Obstructive Sleep Apnea/Hypopnea (OSAH) is a common medical condition that causes excessive daytime sleepiness, impaired quality of life and increased cardiovascular morbidity. OSAH occurs because of recurrent episodes of partial or complete upper airway obstruction during sleep. Factors that predispose patients to develop OSAH are: a narrow upper airway, supine sleeping posture, and a loss of upper airway muscle tone (which occurs naturally during sleep, with aging, and with the use of drugs). For more information, please refer to our more detailed discussion about OSA or's discussion of OSA.

We are utilising ArtiSynth to explore the relationship between upper airway properties and upper airway collapse. Relevant upper airway properties include: airway size and shape, soft tissue properties, and airflow. This requires Fluid-Structure Interaction (FSI) simulations, to model the interaction of air flow with the upper airway.

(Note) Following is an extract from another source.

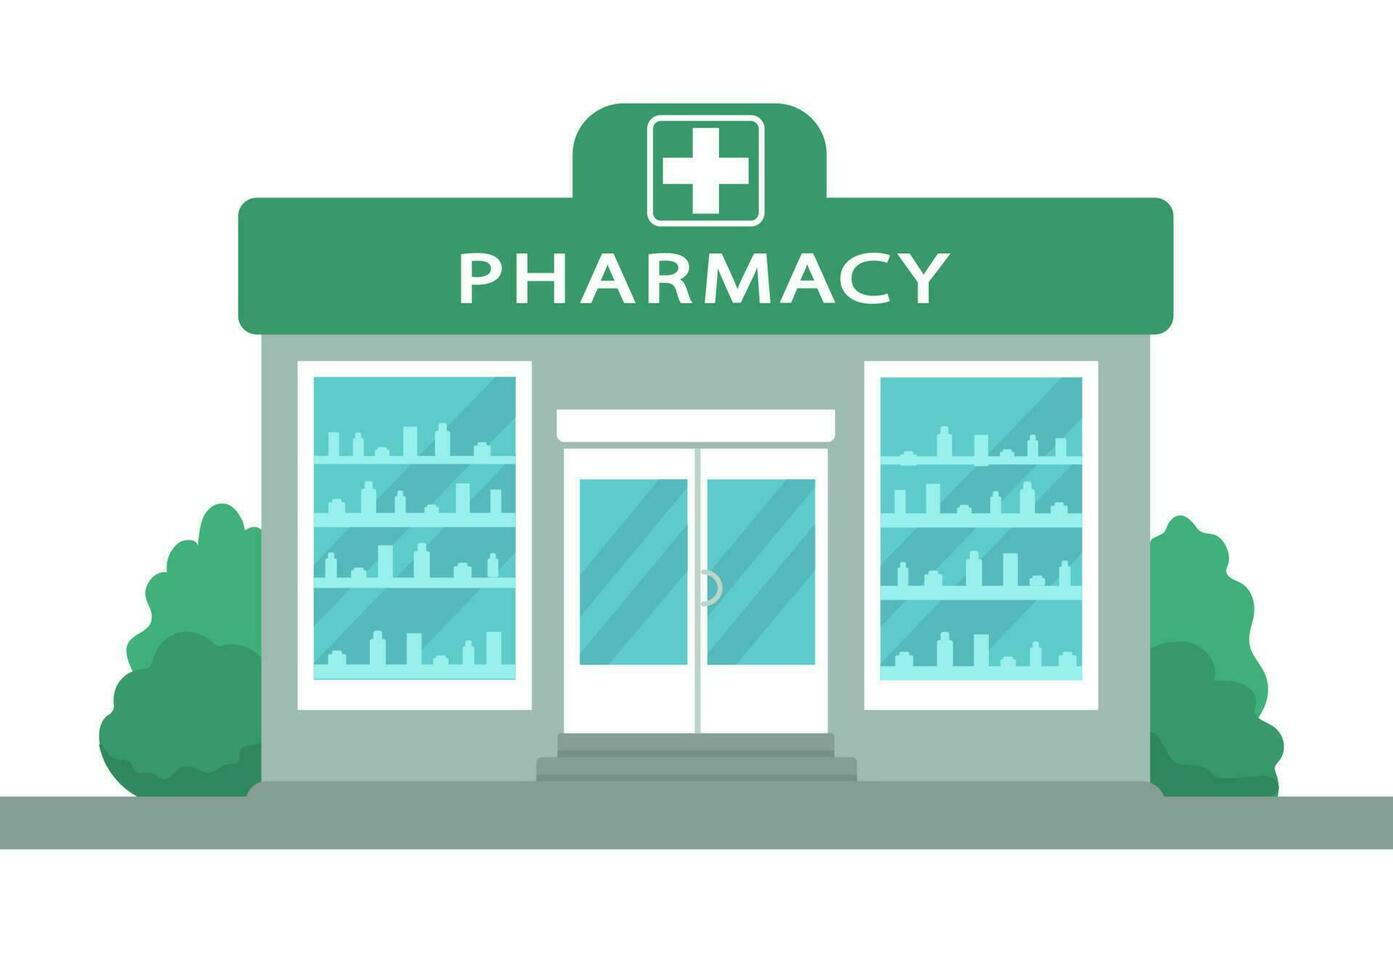 Pharmacy shop front facade icon. Vector illustration

ArtiSynth enables creation of realistic biomechanical models of the upper airway along with efficient computation times to provide an interactive simulation environment in which we model changes in the upper airway during respiration. It also provides a model in which to examine the potential effects of a variety of treatments for OSAH that alter upper airway size, shape and collapsibility.

Research Directions

We are researching OSAH using ArtiSynth on the following projects:

  1. Design and validation fluid-structure interaction simulations
  2. FSI simulations in parameterized airway model
  3. Patient specific modelling

Fluid-Structure Interaction

OSAH is fluid-structure interaction (FSI) problem. The interaction of air pressures in the upper airway with the surrounding upper airway structures may cause oscillation (in the case of snoring) or closure (in the case OSAH). Conversing, the positive air pressure produced by a CPAP (see about OSA) can maintain upper airway patency and is a common treatment method for OSAH.

FSI simulation requires the coupling of fluid model with solid model. Artisynth is an ideal solid model for this problem, therefore, we design a 1D fluid model to couple with Artisynth to complete the FSI simulation, and we validate the simulations validity against experiments.

Fast Fluid Simulation

It is very difficult to perform a 3D fluid simulation in the deforming and complex geometry of the upper airway, and the computational expense of 3D simulations is very large. These limitations are unacceptable for OSAH simulations where a vast number of parameters need to be investigated. Therefore, we explore the use of a 1D fluid model.

The accuracy of the 1D fluid model can be assessed by comparing with a 3D fluid simulation (sample 3D results are shown below). What the 3D simulation required weeks to calculate, the 1D fluid simulation calculated in less than 1 second and the 1D fluid pressures are typically within 10% of the 3D centerline pressure, demonstrating that the 1D fluid model is very fast while maintaining the necessary accuracy. Details are given in publications, (1).

FSI validation

To examine the validity of our FSI simulation, in which ArtiSynth is coupled with a 1D fluid model, we perform experiments in which air is driven below a flexible membrane. The flexible membrane has a stiffness that is similar to soft tissue and the airflow velocities are similar to those of breathing. The resulting FSI behavior is recorded with high speed video and pressure sensors located along the length of the channel.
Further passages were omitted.